Я ждала защитника. Надвигался Аваддон и влек за собой свое адское воинство. Я думаю, грешники в аду вовсе не горят на вечном огне и не отчаяние — самая страшная пытка. Наверное, в череде безначальных и незакатных дней настал для них такой, когда ангел сошел в Гадес,[317] осиял их улыбкой, поманил обещанием, что прощение возможно, что и для них настанет день веселья, но не теперь еще, а неизвестно когда, и, видя радость его, великого, они поняли, как сладостны эти посулы, а он вознесся, стал звездой и исчез в дальних небесах. И оставил им лишь тревогу ожидания, которая хуже отчаяния.
Весь вечер я ждала, доверясь масличному листку в голубином клюве, а сама отчаянно тревожилась. Страх сжимал мое сердце. Такой холодный необоримый страх — признак дурных предвестий. Первые часы едва влеклись, последние неслись, как снежный ком, как прах, разметаемый бурей.
Но вот миновали и они.
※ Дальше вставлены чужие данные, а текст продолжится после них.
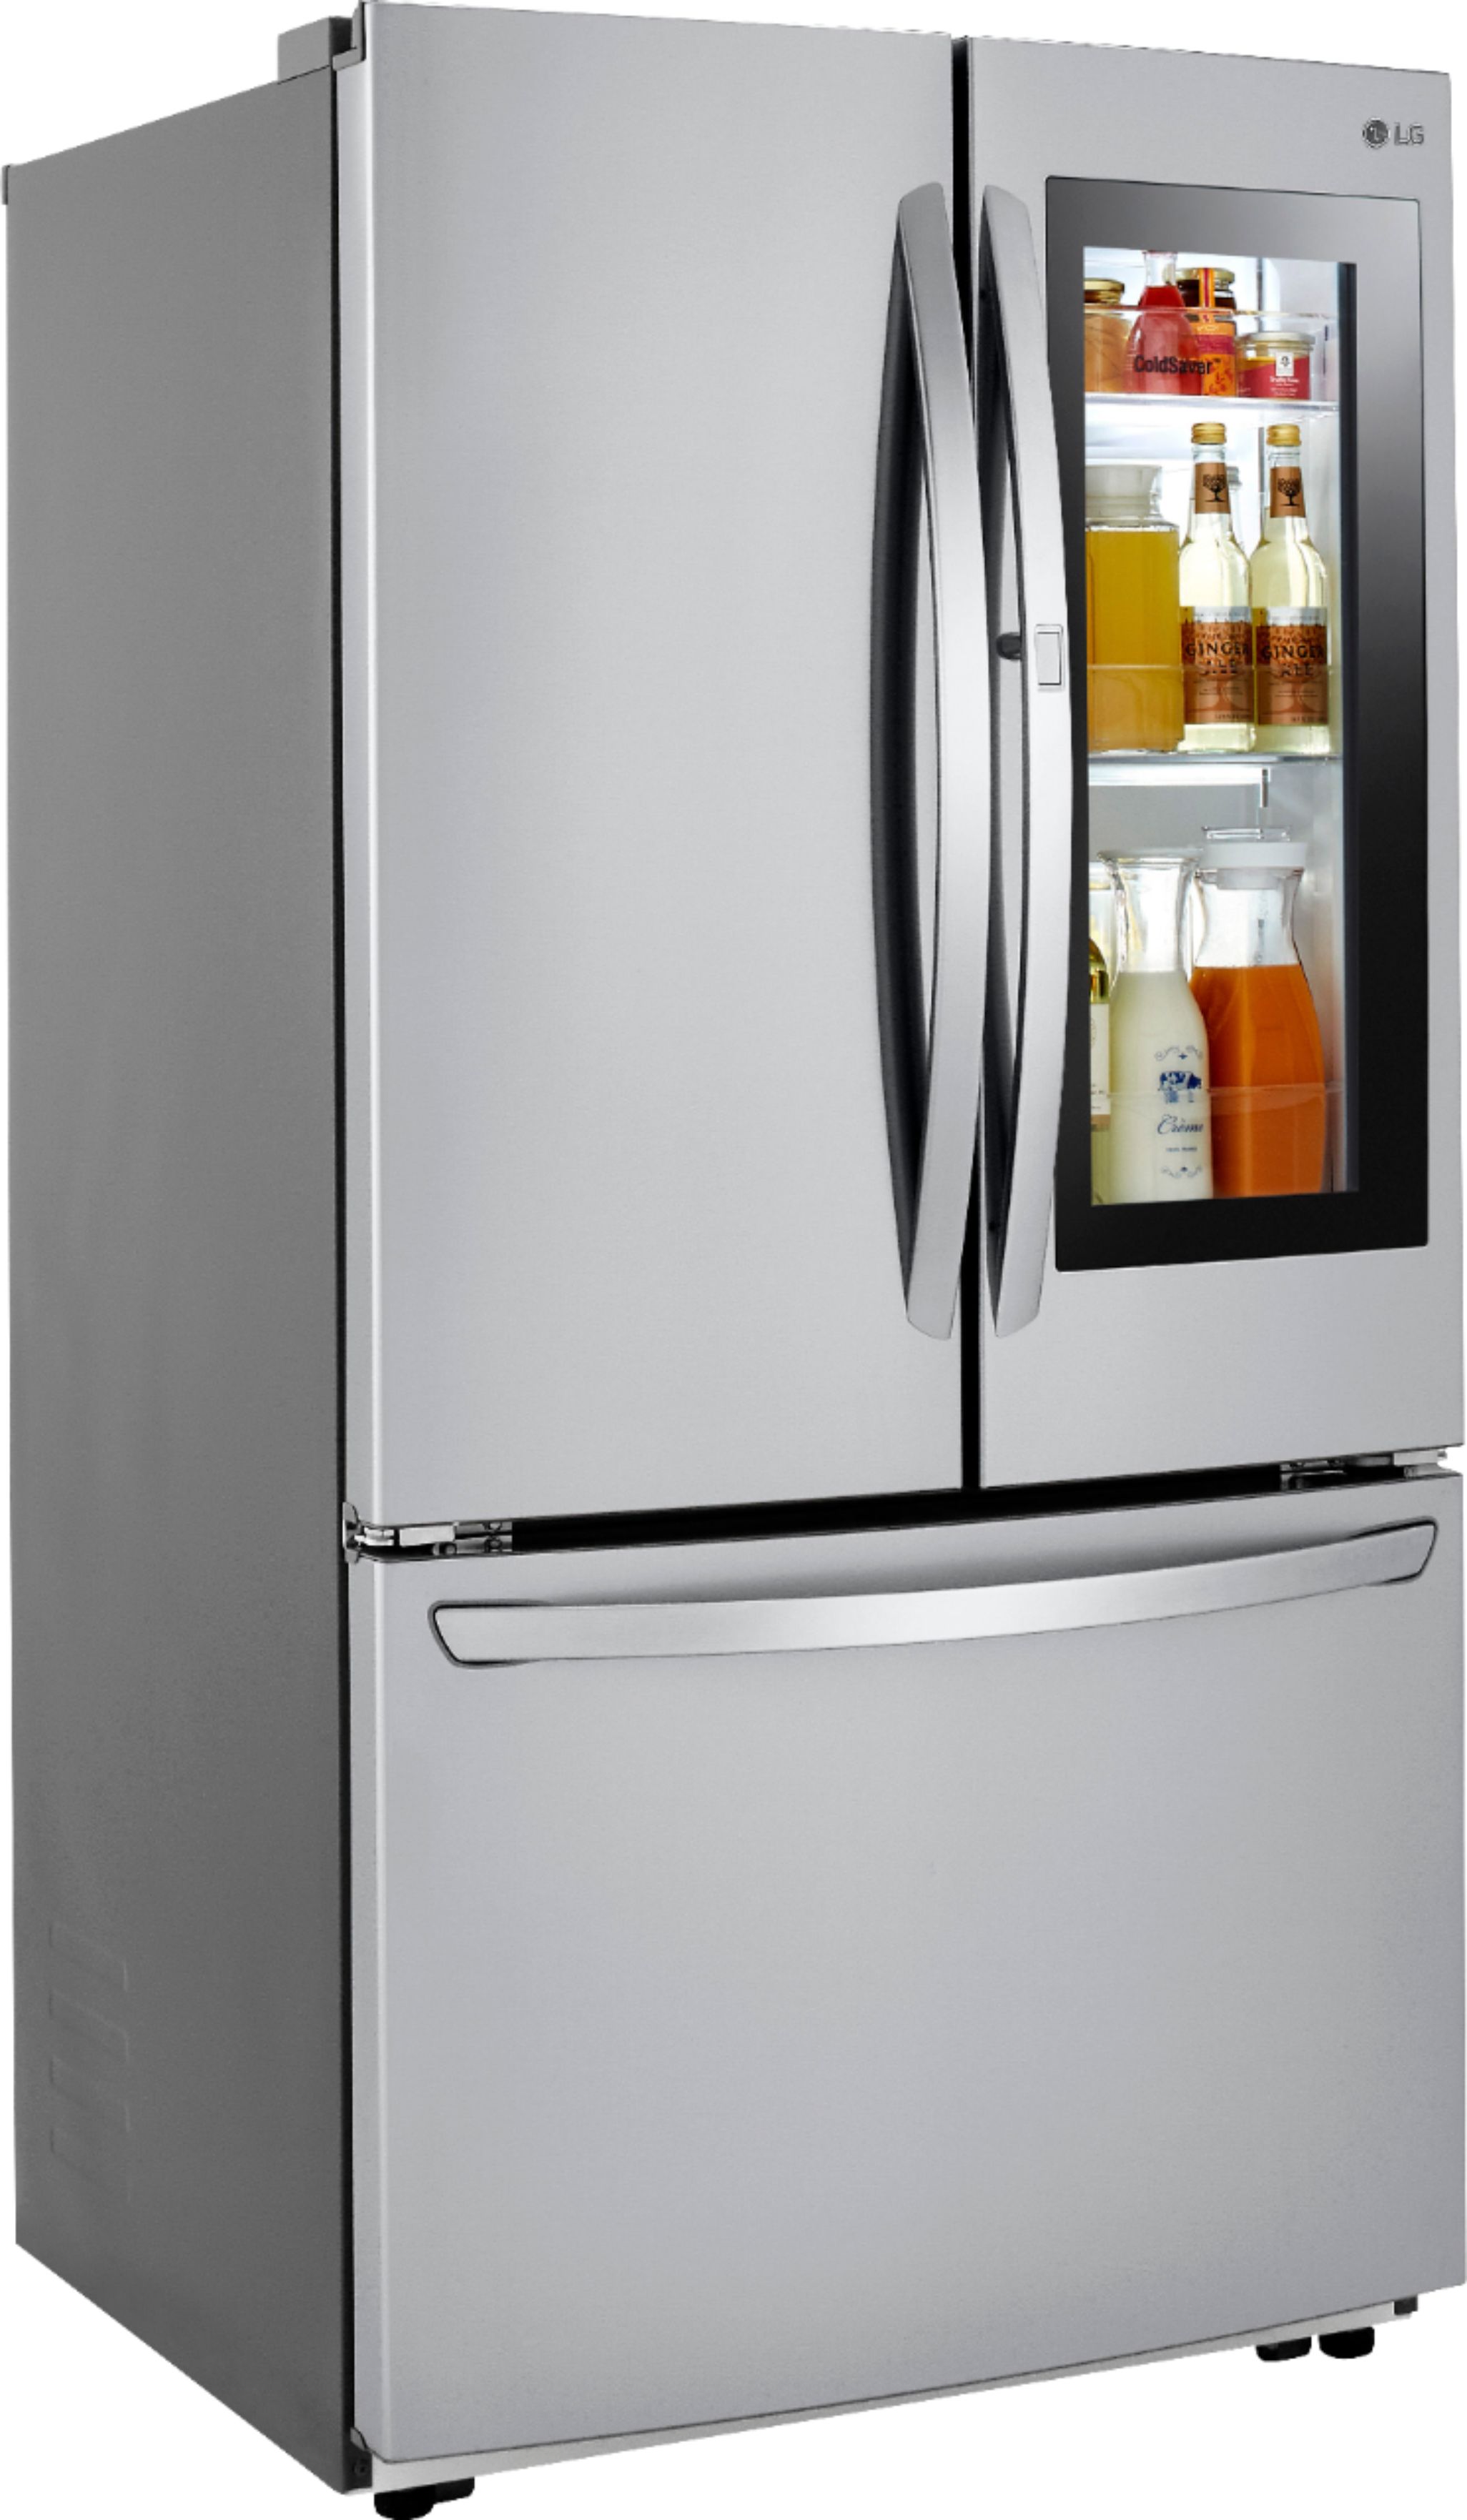 Lg Electronics 23 3 Cu Ft French Door Refrigerator With Instaview Dual And Craft Ice In Printproof Black Stainless Counter Depth Lrfvc2406d The Home Depot

Долгий жаркий летний день сгорел, как святочное полено,[318] истлела последняя зола, и мне остался голубой холодный пепел; настала ночь.
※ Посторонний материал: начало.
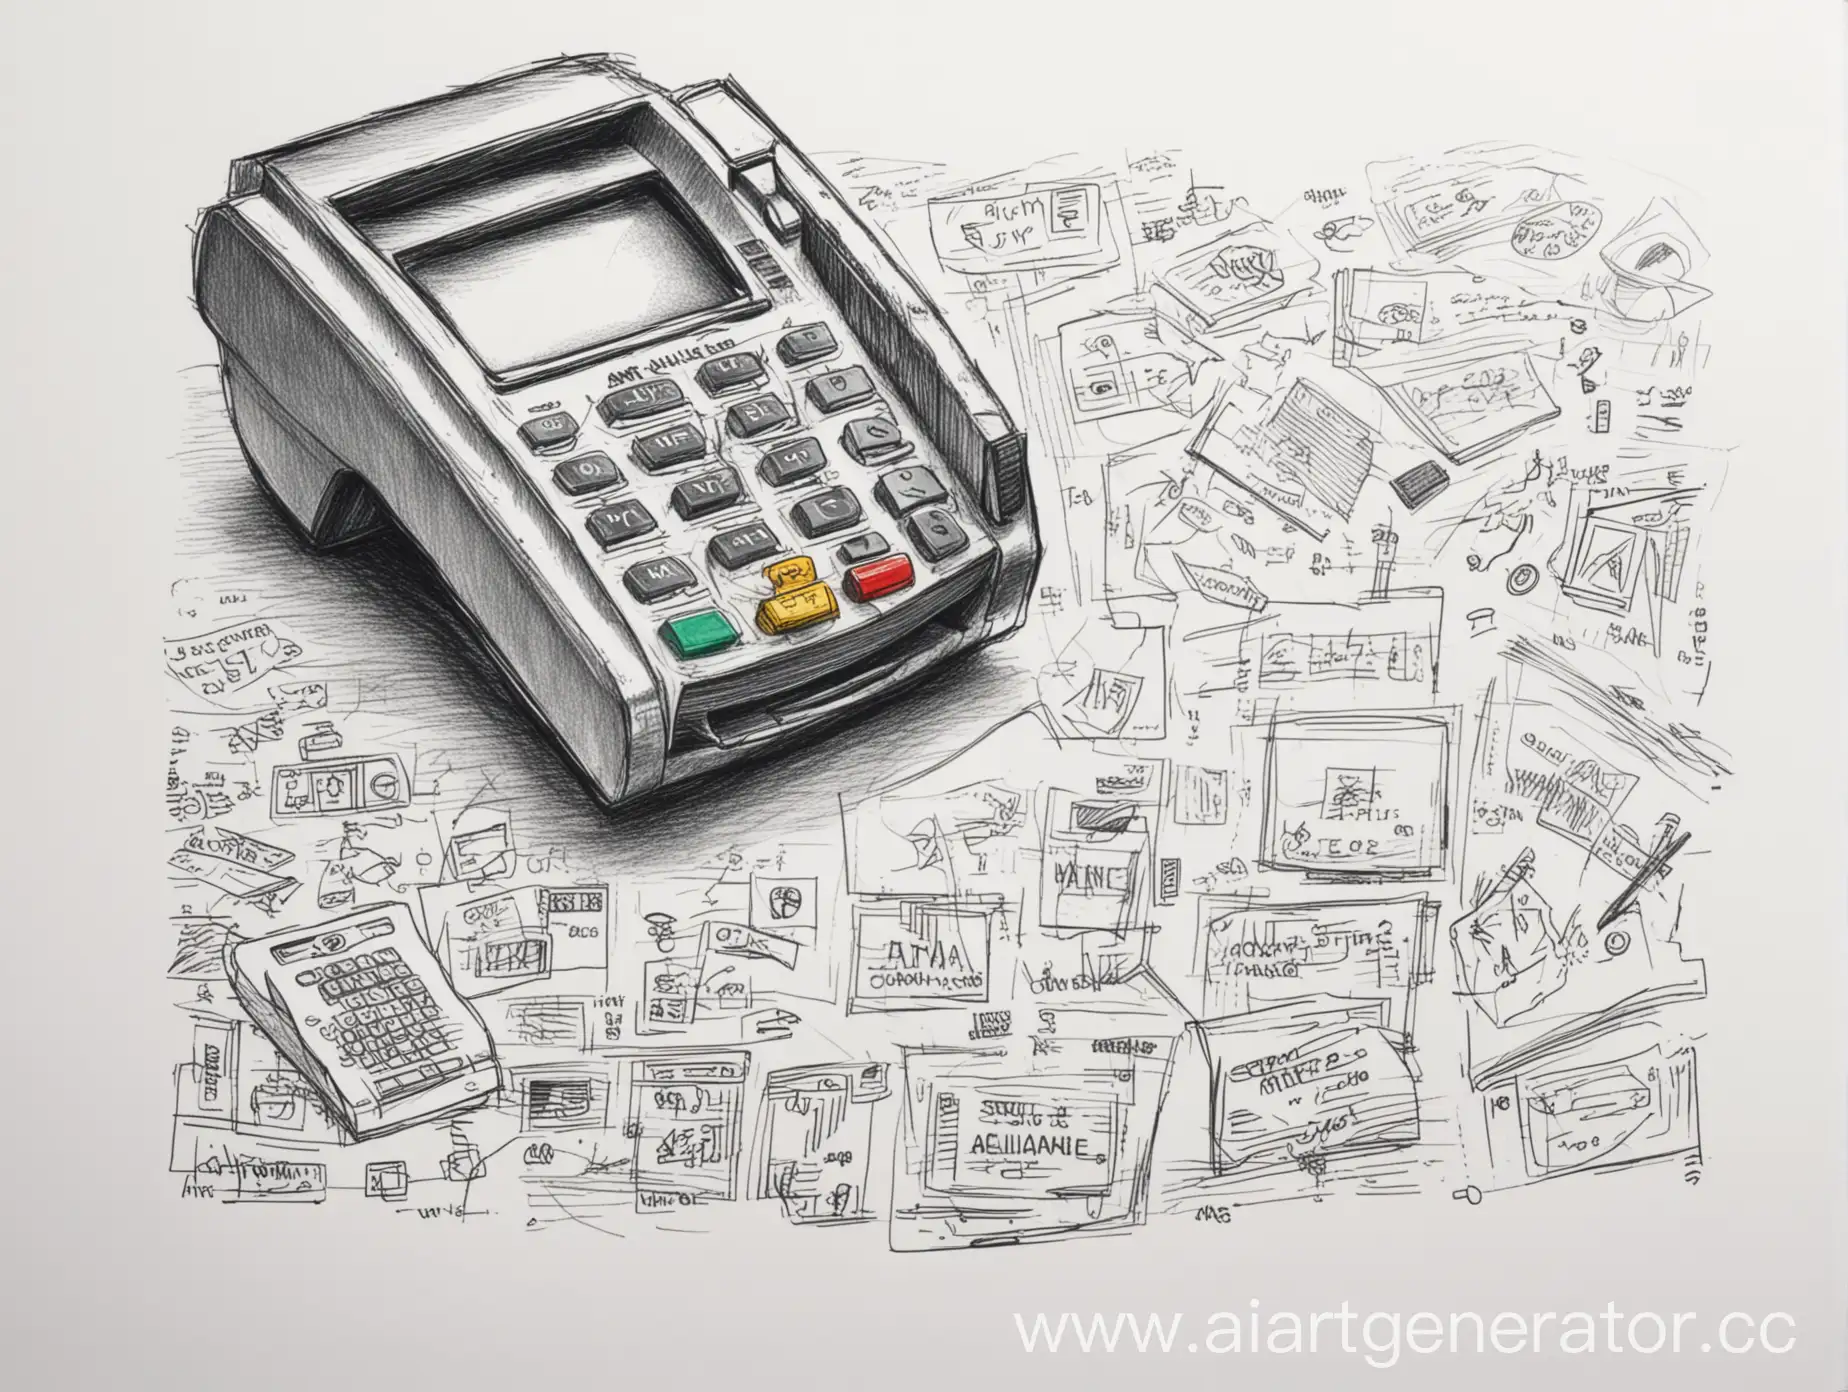 HandDrawn-ATM-Alliance-Logo-with-Payment-Terminal-Sketch

Молитвы были прочитаны, пора ложиться; все ушли спать. Я осталась в темном старшем классе, пренебрегши правилами, которыми никогда еще не пренебрегала.
Не знаю, сколько часов подряд я мерила шагами класс. Я пробыла на ногах очень долго; я шагала взад-вперед по проходу между партами. Так бродила я, пока не поняла, что все спят и ни одна живая душа меня не услышит, и тогда я наконец расплакалась. Полагаясь на укрытие Ночи и защиту Одиночества, я более не сдерживала слез, не глотала рыданий; они переполняли меня, они вырвались наружу. Какое горе могут уважать и щадить в этом доме?
Вскоре после одиннадцати — а для улицы Фоссет это час очень поздний — дверь отворилась — тихонько, но не украдкой. Сияние лампы затмило лунный свет — мадам Бек вошла с обычным своим невозмутимым видом, как ни в чем не бывало. Словно не заметив меня, она прошла прямо к своему бюро, взяла ключи и принялась как будто что-то искать; долго занималась она этими притворными поисками, очень долго. Она была спокойна, слишком спокойна; я с трудом сносила этот фарс; последние два часа изменили меня, и теперь от меня трудно было добиться обычных знаков почтения и обычного трепета. Всегда послушная и кроткая, я вдруг сбросила хомут, прокусила узду.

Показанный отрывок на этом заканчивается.